La scoperta viene da un gruppo di ricercatori del Centro della Complessità e dei Biosistemi dell’Università Statale di Milano che ha identificato un “trait d’union” tra le tre patologie: 38 geni associati all’infiammazione in corso e alla risposta immunitaria.
Epidemiologia e clinica le associano già da tempo
Sono molti i dati epidemiologici e gli studi clinici che documentano l’associazione tra obesità, in continua crescita, è diabete di tipo 2: si parla di diabesità (neologismo coniato dall’Organizzazione Mondiale della Sanità) in oltre il 70% dei casi, con punte dell’80-90%. L’obesità si associa anche a diversi tipi di tumore, tra questi, nelle donne, il carcinoma della mammella.
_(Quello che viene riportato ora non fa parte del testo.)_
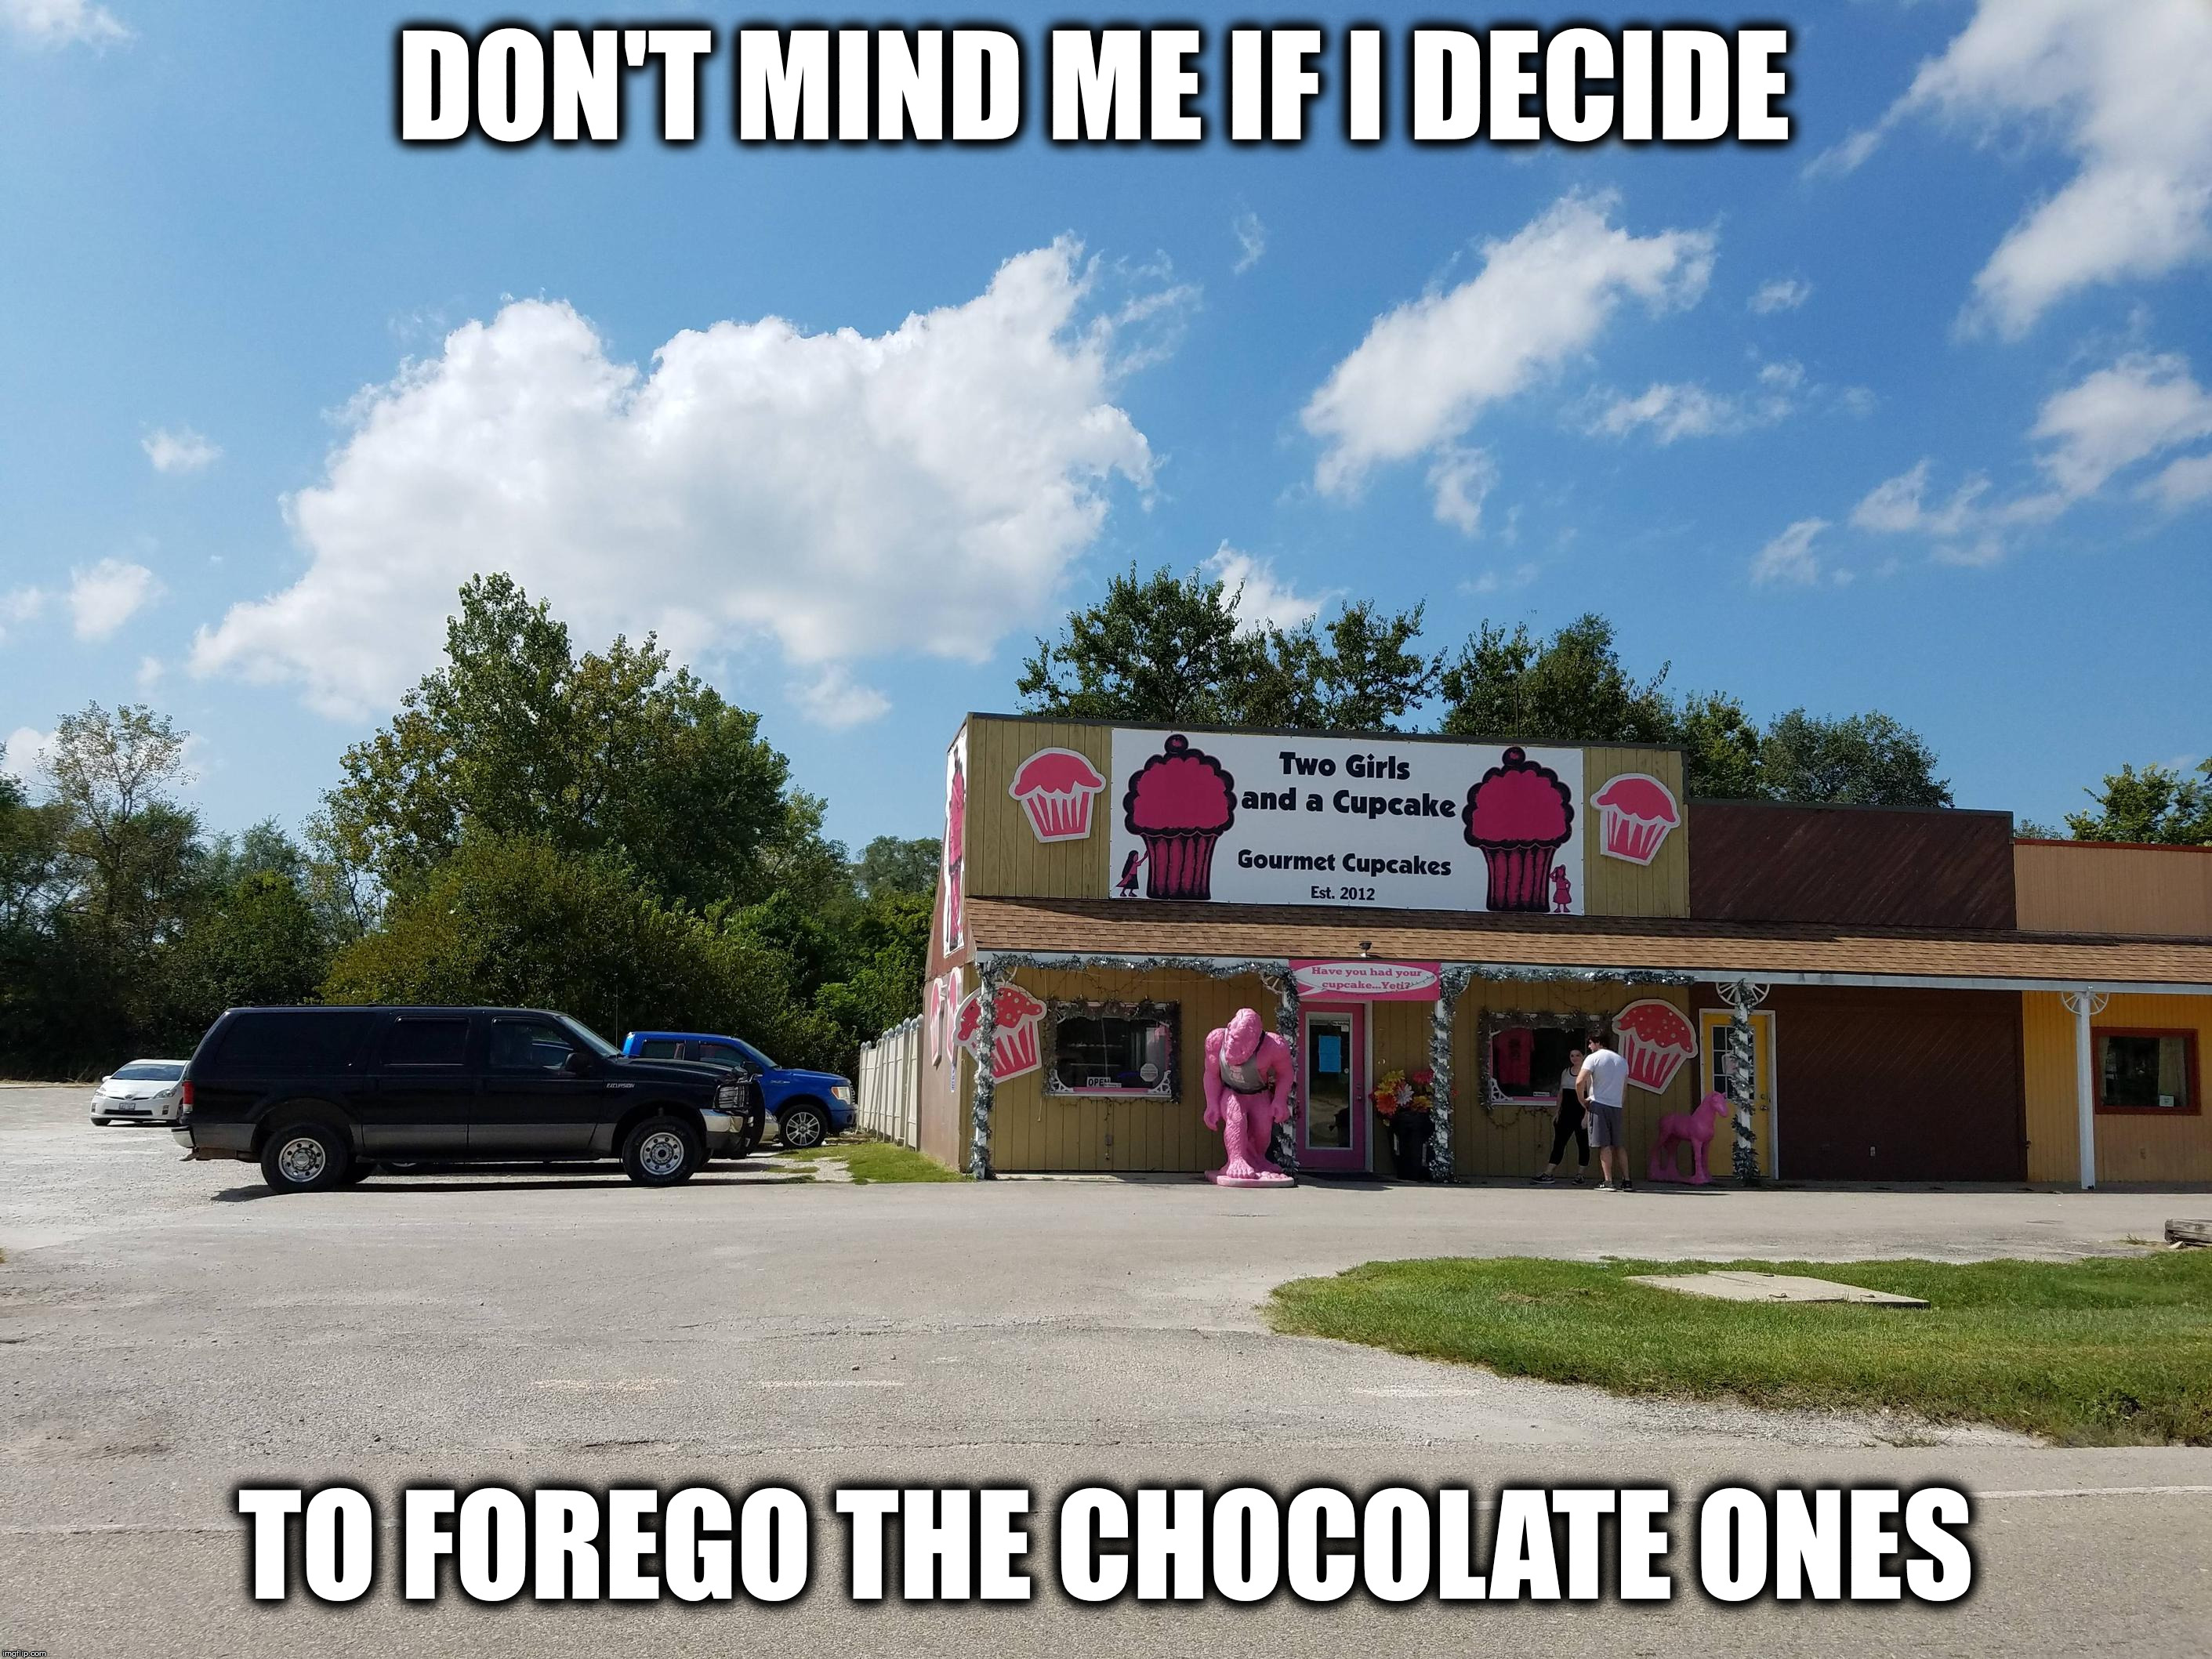 I have a sneaky feeling that it would taste like poop | DON'T MIND ME IF I DECIDE; TO FOREGO THE CHOCOLATE ONES | image tagged in two girls and a cupcake,avoid the chocolate ones | made w/ Imgflip meme maker

Nonostante la vasta letteratura che suggeriva la triplice associazione, fino ad oggi non era ancora stato trovato un legame genetico che le collegasse.
38 geni dall’espressione alterata: la “firma” che accomuna le tre patologie
I ricercatori italiani hanno individuato 38 geni che negli adipociti (le cellule del tessuto adiposo, dove si accumula il grasso) si esprimono in maniera diversa nelle persone con obesità rispetto a quelle in normopeso. Gli studiosi hanno notato che si tratta di una serie di geni correlati soprattutto a processi infiammatori, risposta immunitaria e complicanze tipiche dell’obesità come il diabete di tipo 2, ma non solo. Hanno riscontrato alterazioni genetiche simili anche nelle donne con un cancro alla mammella. Tale scoperta, oltre ad essere significativa dal punto di vista scientifico, potrebbe avere delle ricadute pratiche: secondo gli studiosi, infatti, alcuni dei 38 geni isolati, potrebbero venire usati come nuovi marcatori tumorali, un utilizzo importante sia per la ricerca scientifica sia per la diagnostica clinica.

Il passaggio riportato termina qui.